Часовой распахнул калитку и крикнул:

— Франек! До имч пана пулковника Водзиевского!

Из караулки вышел другой гвардеец.

— Прошу пана капитана! — предложил он Костюшке.

Гвардеец привел Костюшку в кордегардию. В огромной комнате на нарах отдыхали солдаты. Вдоль стен — ружья в козлах. На длинном столе стояли жбаны, крынки, кружки.

Следуя за Франеком, Костюшко поднялся по крутой винтовой лестнице на второй этаж и попал в узкий полутемный коридор.

— Пан капитан обождет, замельдую имч пану пулковнику.

Франек раскрыл одну из трех дверей и исчез.

«Имч пан пулковник, — подумал Костюшко. — Лет этому пану пулковнику не больше, чем мне, знаний у этого пана пулковника меньше, чем у меня, но я Костюшко, а он сын ясновельможного пана каштеляна. Он — в кабинете, а я — в коридоре, проситель…»

— Имч пан пулковник просит пана капитана.

Водзиевский лежал на широком диване и чистил

ногти. Увидев Костюшко, он бросил пилку, вскочил.

— Швед! Ты?

Он обнял приятеля.

— Рад видеть тебя! Когда ты приехал?

— Только сегодня.

— Садись рассказывай. — Он подошел к шкафчику, достал оттуда два бокала и бутылку. — Ей-богу, Швед, я рад тебя видеть. — Он разлил вино по бокалам, — За твой приезд! — Они выпили. — Скажи, Швед, правда, что ты бросил живопись?

— Правда, Вацлав, я предпочел изучать военное дело.

— Ты всегда что-нибудь выкинешь. Не любишь прямых дорог. Как там, в Париже, весело тебе жилось?

— А я туда поехал не для веселья. Работал, и работал много. А ты, вижу, в гору пошел.

— Какая это гора! Старший дворник! Жду, пока его королевская милость подпишет мою номинацию в генералы.

— А тогда?

— Тогда — дивизия. Понимаешь, Швед, второй кавалерийской дивизией буду командовать!

— Даже знаешь, какой дивизией.

— Уже патент выкупил.
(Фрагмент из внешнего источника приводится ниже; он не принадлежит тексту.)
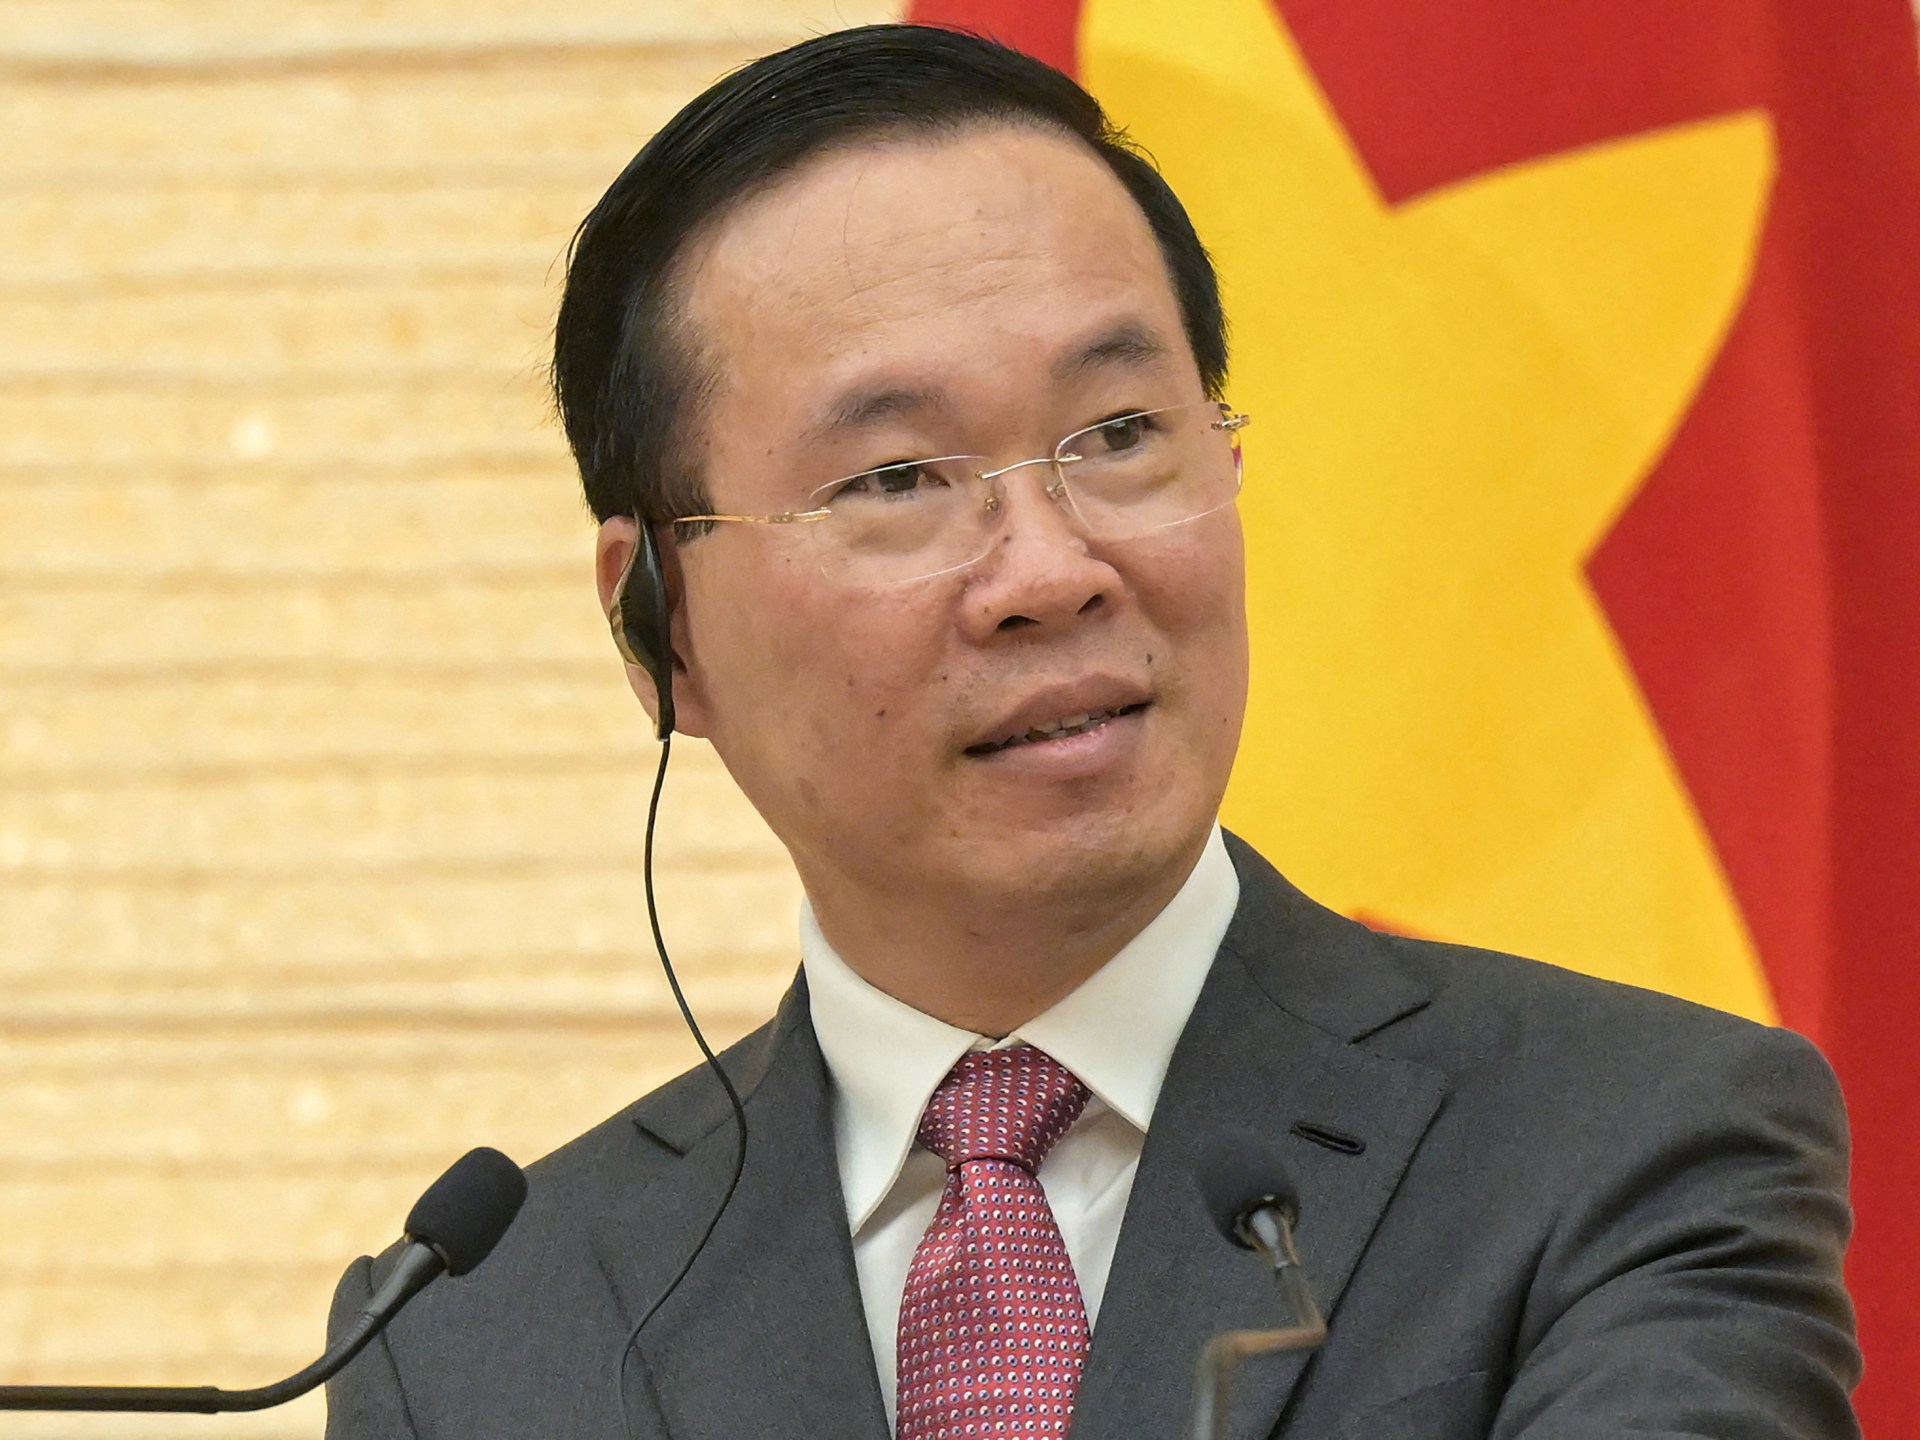 Wietnamski prezydent Vu Van Thuong rezygnuje w wyniku kampanii antykorupcyjnej |  Wiadomości polityczne

Но хватит обо мне! Что ты думаешь с собой делать?

— За этим и пришел к тебе. Посоветуй, Вацлав.

— Добейся номинации в полковники и бери полк.

— А кто мне полк даст?

— Купи патент. Всего восемнадцать тысяч злотых.

— Нет у меня таких денег. И половины не наскребу.

Водзиевский наполнил бокалы, сам выпил.

— Плохо, — сказал он, — плохо без денег. А протекцию имеешь?

— На князя нашего надеюсь.

— Плохая надежда. Чарторийский не в фаворе. И, кроме того, он в Пулавах. Нет ли у тебя кого-нибудь из окружения Понинского?

— Этого негодяя! — возмутился Костюшко.

— Эх, Швед, — серьезно промолвил Водзиевский, — ты, видать, не изменился, все еще о Тимолеоне грезишь. Времена Тимолеона прошли. Антони Понинский государством правит. И как бы ты ни относился к нему, его воля для тебя закон.

— А мне кажется, дорогой мой Вацлав, что он недолго усидит в седле.

— На твой век хватит.

— Не хватит. У Штакельберга достаточно дукатов, чтобы купить Понинского, но нет в мире столько золота, чтобы купить весь польский народ.

— Бредни, Швед, пойми меня, бредни. Это у тебя навязчивая идея: народ, народ и опять народ. Народ — это стадо. Куда пастух поведет, туда и пойдет. Мы с тобой сейчас не в корпусе, где при свете луны мир казался нам поэтическим сновидением. Жизнь — штука жестокая, в жизни только две дороги: направо или налево. Хочешь жить — иди к Понинскому или Штакельбергу; не хочешь — поезжай в Сехновицы капусту сажать.

— Опять же, Вацлав, не согласен с тобой. Есть и третий путь.

— Какой?

— Служить родине, ее славе, ее чести, как нас с тобой учили в корпусе.

— Опять Тимолеон! — рассмеялся Водзиевский. — Швед, ведь родина, по крайней мере сегодня, — это и есть понинские, штакельберги, массальские, сулковские — все те, которые теперь управляют Польшей. От них ты зависишь. Одному из них ты должен поклониться, если не собираешься капусту сажать.

— Есть еще один человек, от которого зависит моя судьба. Король.

Водзиевский наполнил свой бокал, выпил и угрюмо промолвил:

— Что ж… Попытайся.

— Устрой мне аудиенцию.

После долгого молчания Водзиевский сказал:

— Хорошо. Устрою. Где ты живешь?

— На почтовой станции.

Костюшко произнес эти слова пренебрежительным томом, подчеркивая этим, что ему на этой почтовой станции неуютно и неудобно. Он был уверен, что сейчас же последует дружеское предложение: «Переезжай ко мне!» Но Водзиевский поднялся и сдержанно сказал:

— Дам тебе знать.

Костюшко понял: он стал неприятен Водзиевскому, Продолжать беседу не имело смысла. А жаль — Костюшко хотел выпытать, что с Людвикой, почему она ему не писала. Но после этой размолвки Водзиевский навряд ли захочет говорить о своей кузине.